So last time we went over some simple frame synchronization solutions that don’t really pan out when the channel is bad. Frequency offset is a problem, but the self-referential synchronization more or less dealt with that, though it still fell victim to the frequency selective channel.

So for now, let’s assume we have our frame, and we know where it begins. We need to fix any possible frequency offset problems that could exist in the system. It would be awesome if we had perfectly tuned radios that were dead on and there was no need to any frequency offset fixes, but having that kind of accuracy is obviously impossible, especially with more than a couple devices (like imagine if every single cell phone in New York City had to have perfectly synchronized electronics just to received cell phone signal, I don’t even know how that could be possible).

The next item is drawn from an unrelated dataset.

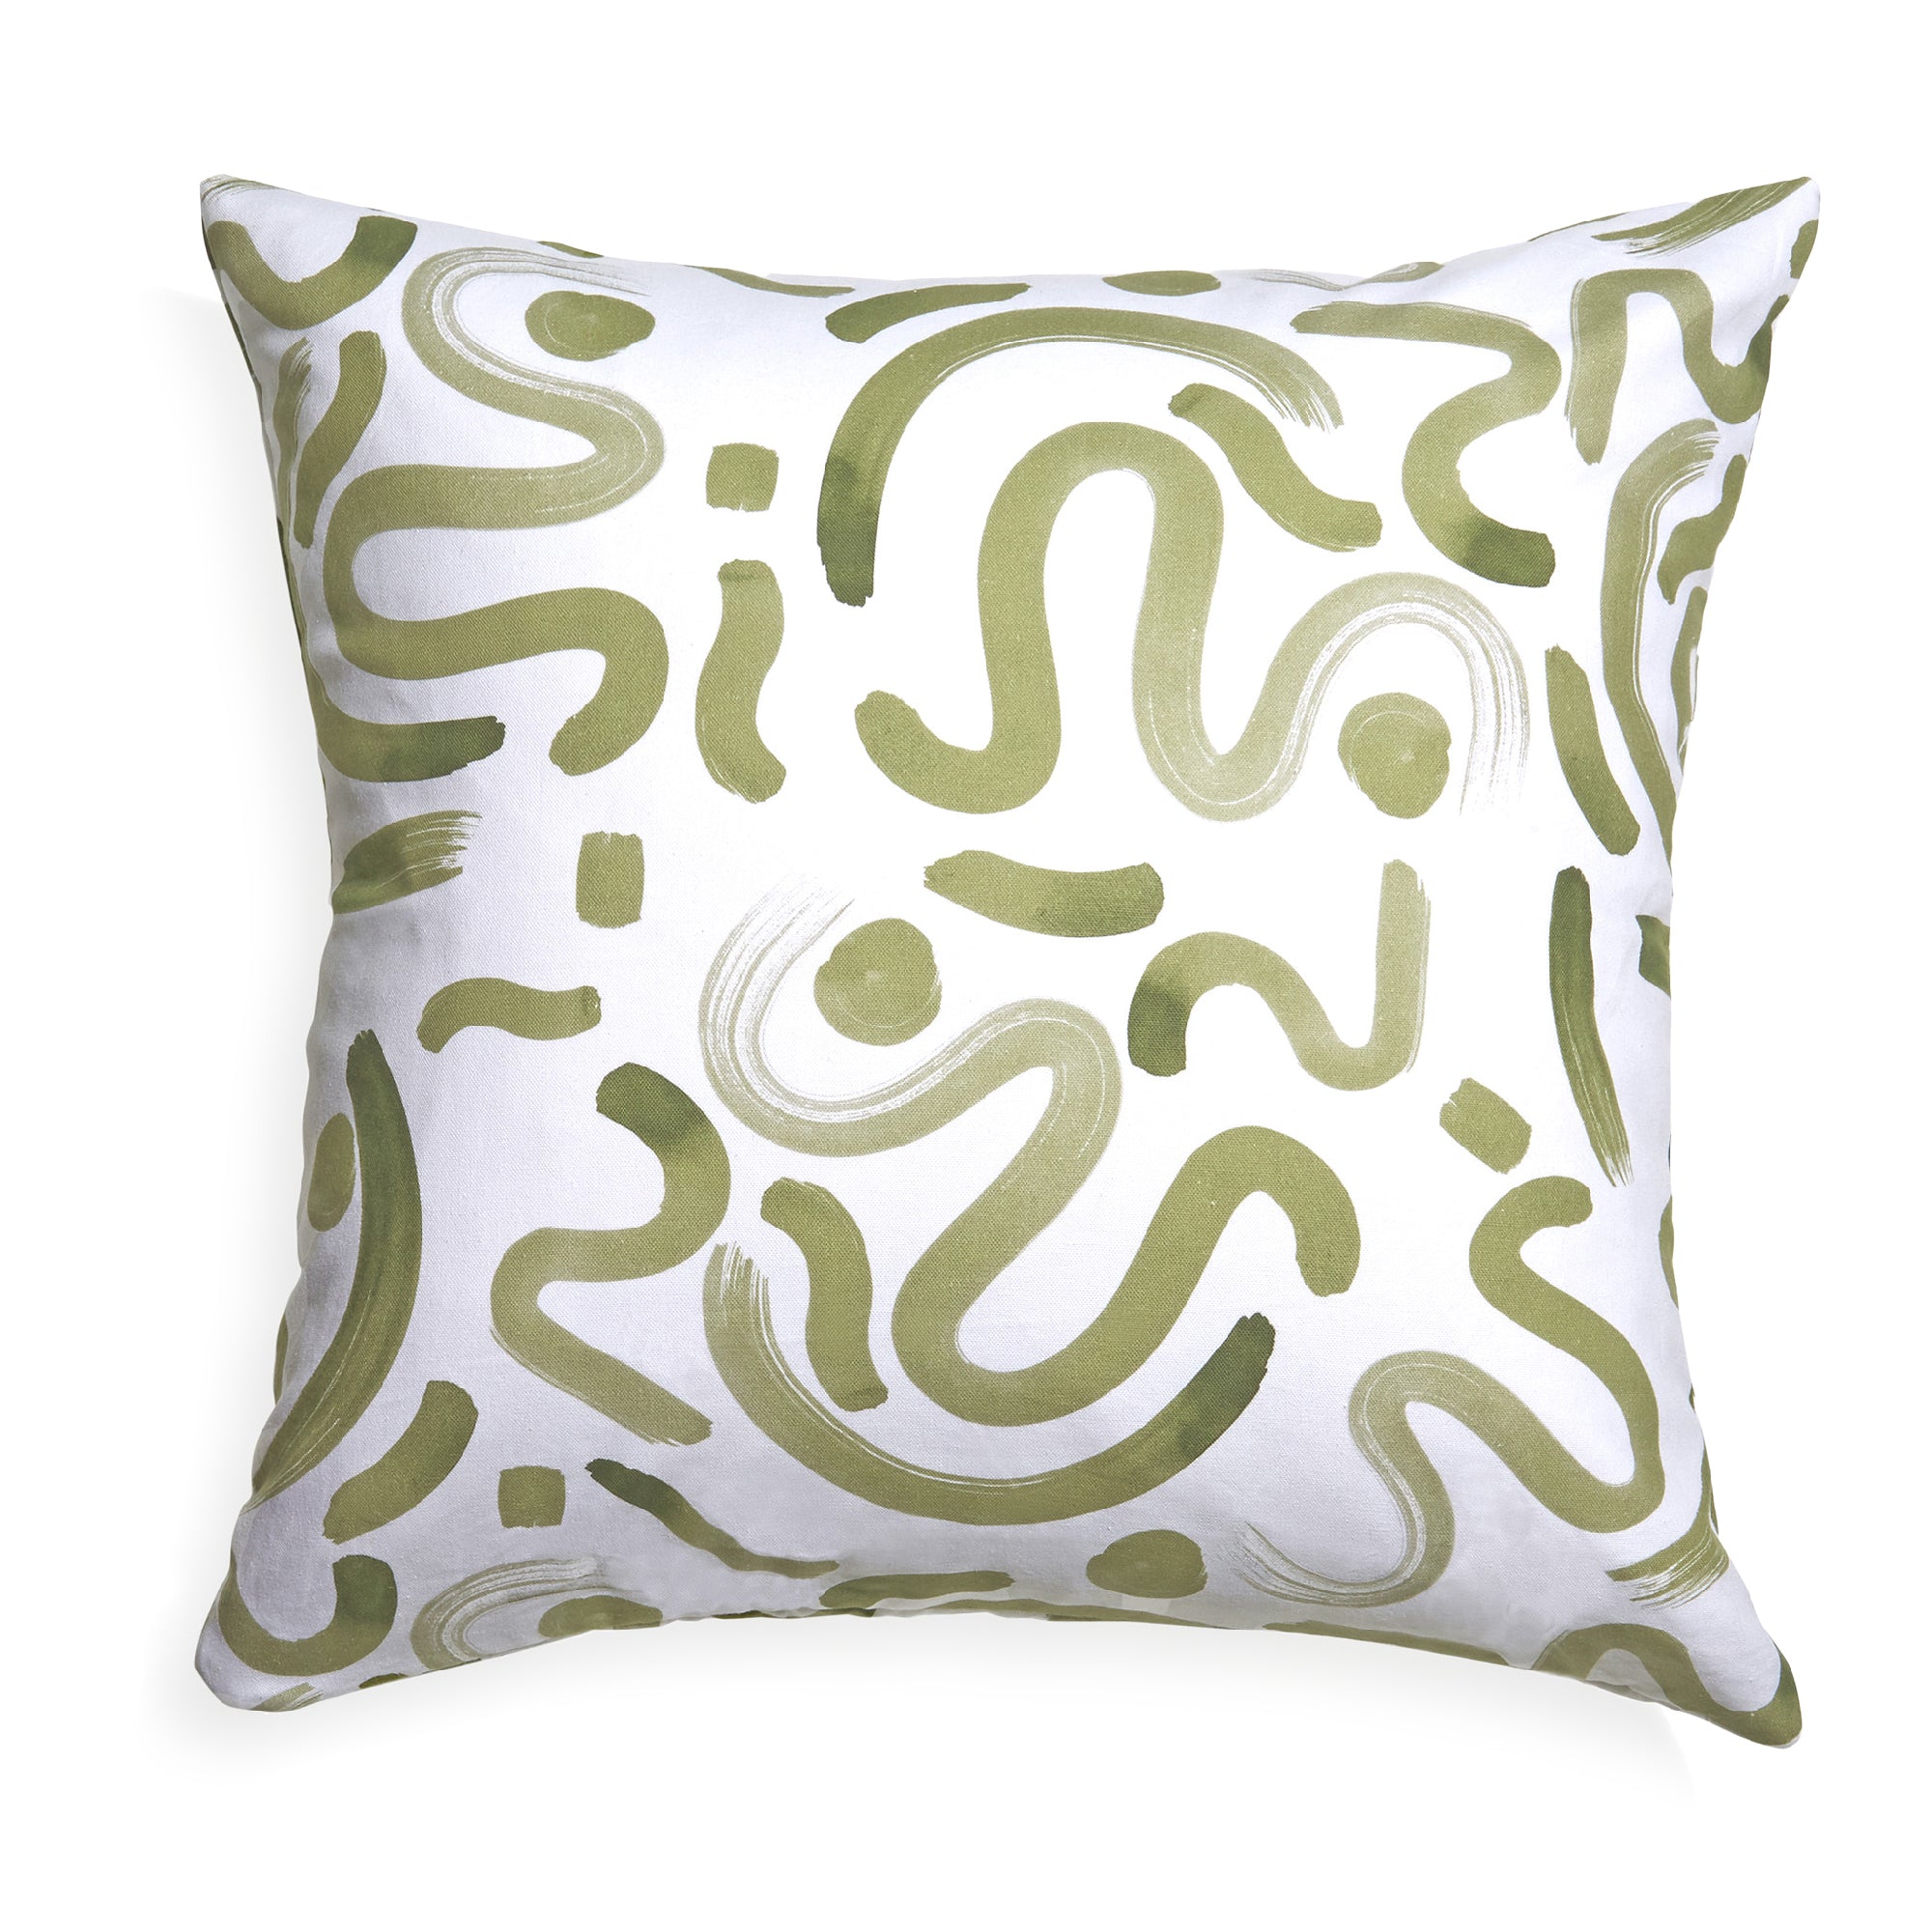 Moss Green Printed Pillow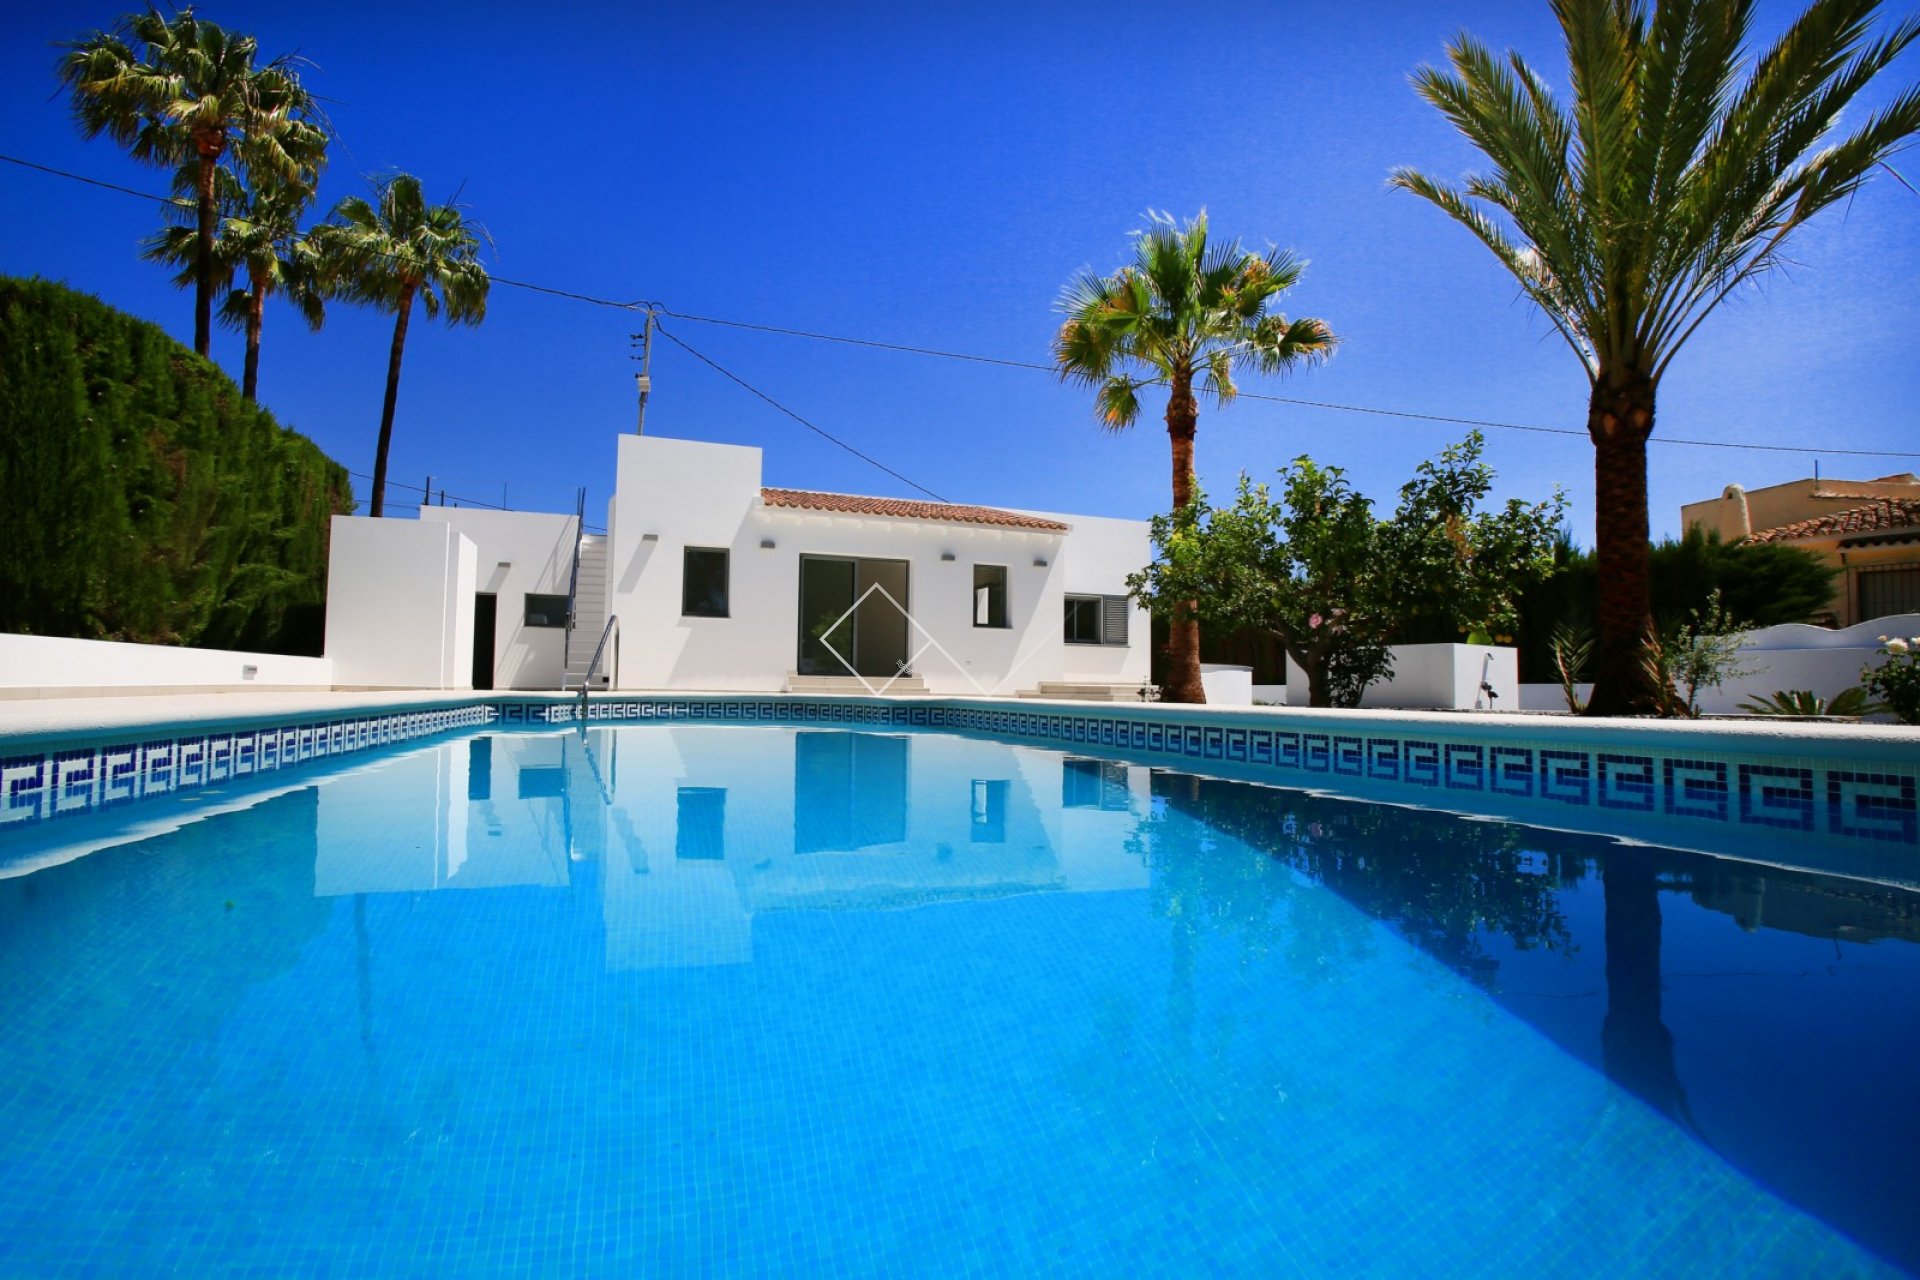 zwembad palmbomen - Gerenoveerde villa te koop in Benissa op 200m van het strand

So why is the frequency offset fix so important? Well, let’s think about it for a second. Assuming we have some sort of magic channel that doesn’t mess with our signal at all, no weird channel, no noise, we can receive a sent signal $x[n]$ with a baseband representation at the received end like

$y[n] = x[n] \exp (j2 \pi f_{o} n T_{s} )$

$f_{o}$ is the frequency offset and $T_{s}$ is the sampling period. Looks pretty harmless, right? But wait, remember for any sort of QAM, M-PSK signaling, we require knowledge of the phase. We can’t afford to lose that, so you can imagine that the samples as you go down in sample index time start having serious phase changes from the exponential bit in the equation above. In effect, we rotate our symbols some amount of phase, and that completely messes everything up.

How do we go about fixing this? There’s a little something called the Moose algorithm that uses our friend least-squares in a sense. Recall the self-referential training. We sent two identical sequences for training and correlated some $N_{t}$ samples with the $N_{t}$ samples ahead of it to find where the frame started. Looking at these training samples, denoted as t…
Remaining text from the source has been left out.